Statistics Canada’s labour force survey on Friday said employment rose by a modest 15,000 jobs in October.

Business, building and support services saw the largest gain in employment.

Meanwhile, finance, insurance, real estate, rental and leasing experienced the largest decline.

Many economists see weakness in the job market continuing in the short term, before the Bank of Canada’s interest rate cuts spark a rebound in economic growth next year.

Despite ongoing softness in the labour market, however, strong wage growth has raged on in Canada.

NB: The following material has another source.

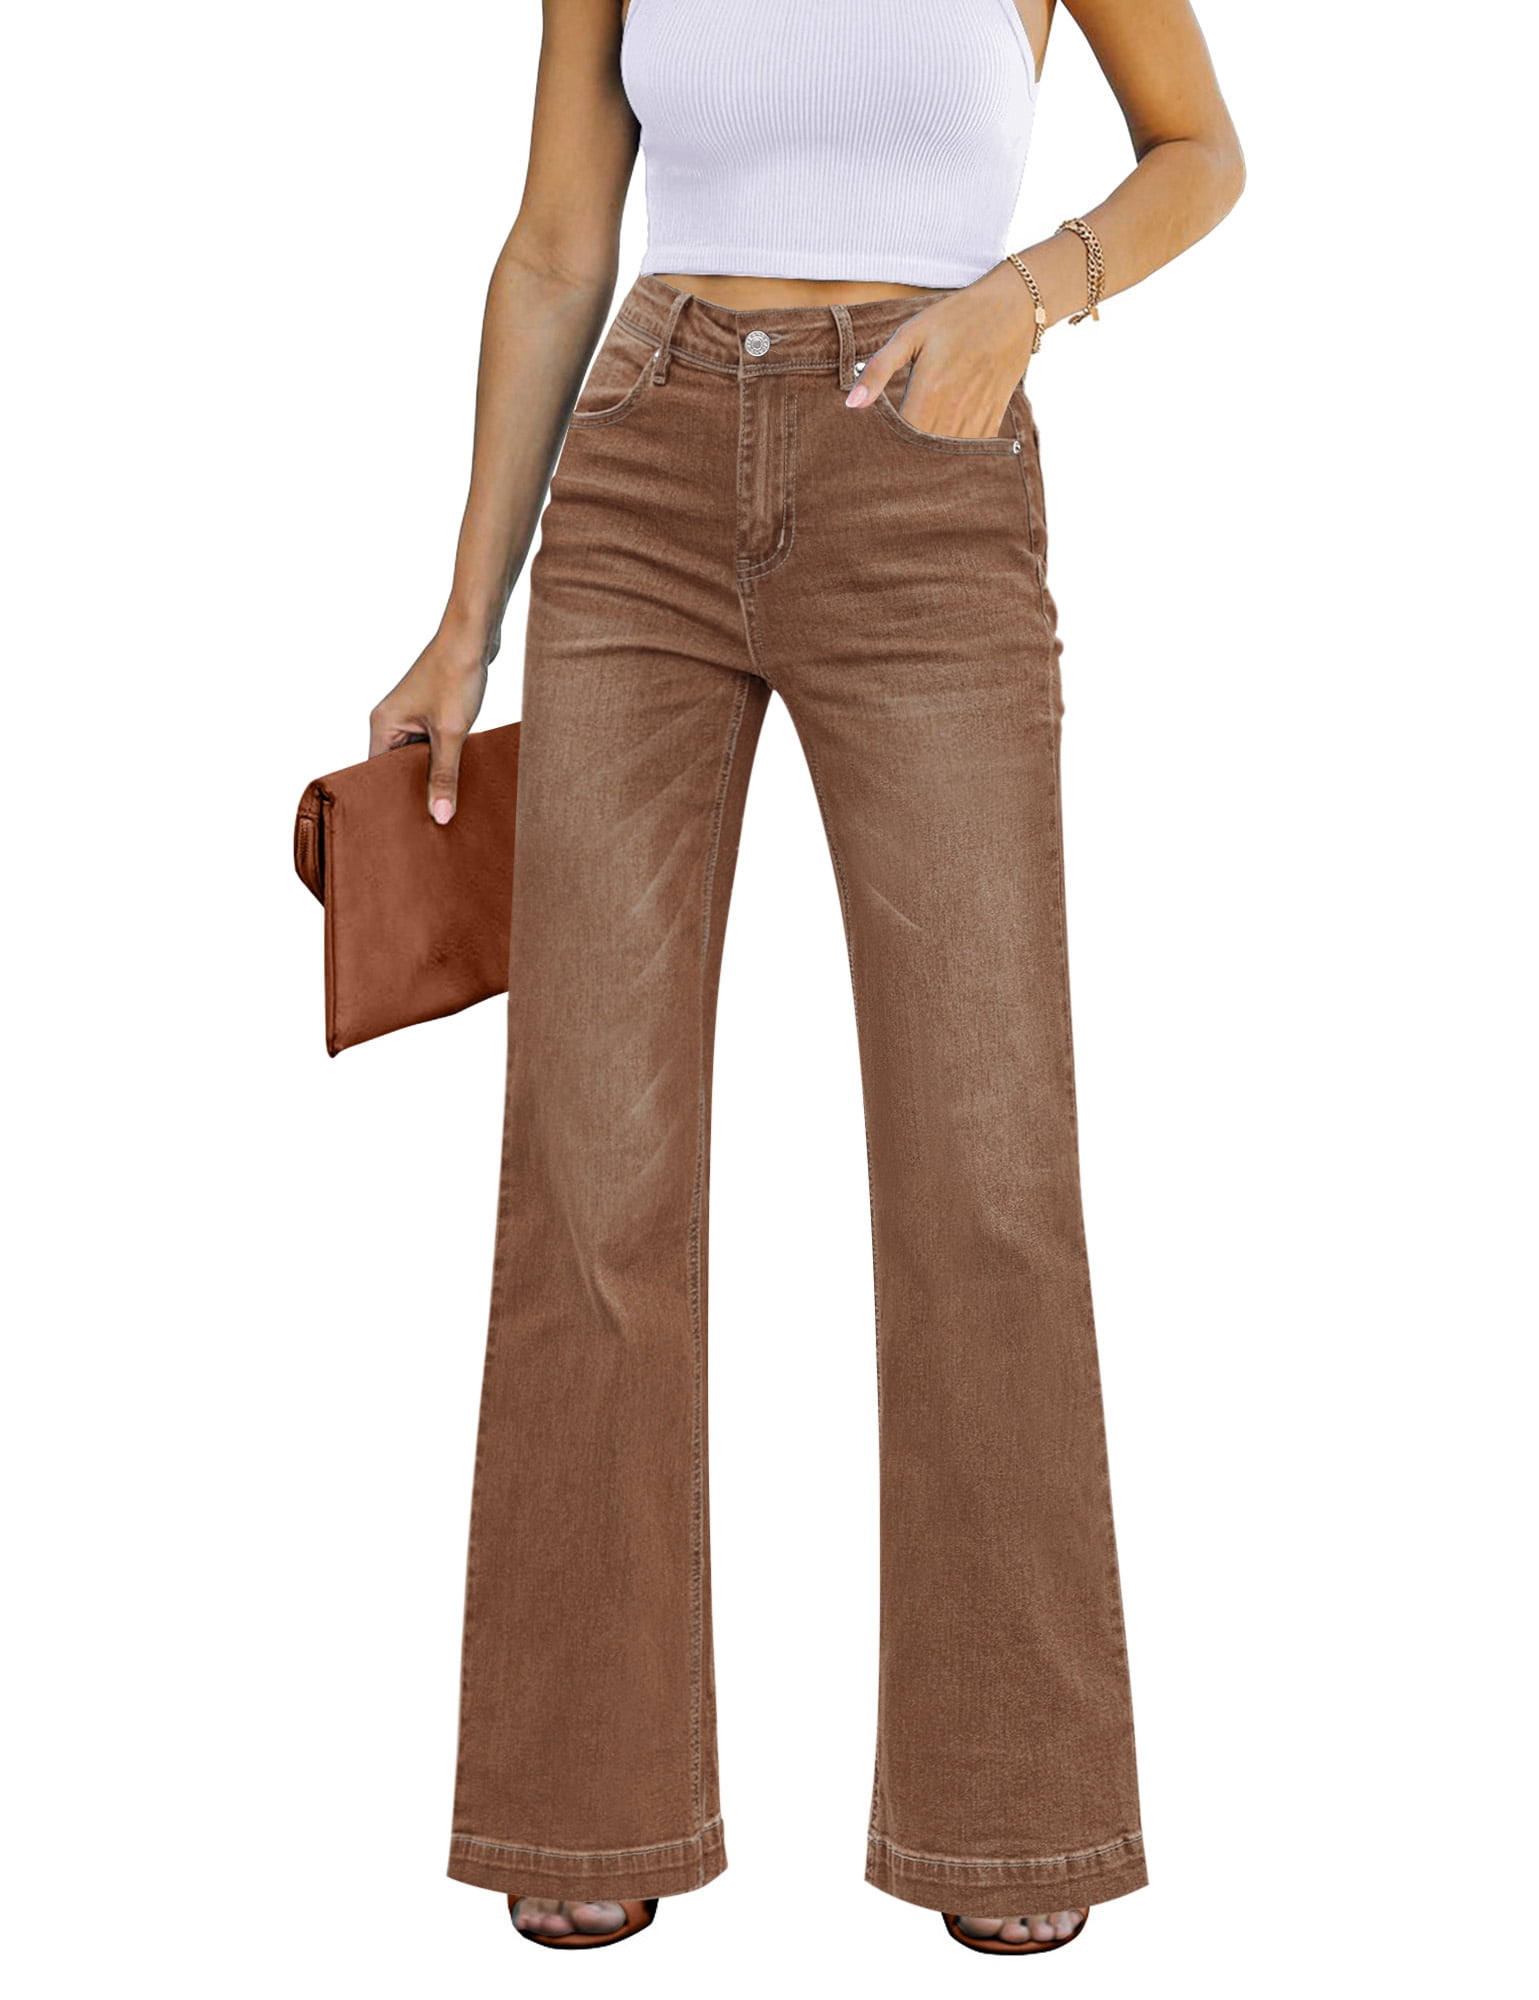 7 Colors That Look Great Paired With Brown | Jeans outfit women, Colourful  outfits, Brown jeans outfit

Average hourly wages in October grew 4.9 per cent from a year ago, reaching $35.76.

Friday’s report also shed some light on the financial health of households.

According to the agency, 28.8 per cent of Canadians aged 15 or older were living in a household that had difficulty meeting financial needs – like food and housing – in the previous four weeks.

That was down from 33.1 per cent in October 2023 and 35.5 per cent in October 2022, but still above the 20.4 per cent figure recorded in October 2020.

People living in a rented home were more likely to report difficulty meeting financial needs, with nearly four in 10 reporting that was the case.

That compares with just under a quarter of those living in an owned home by a household member.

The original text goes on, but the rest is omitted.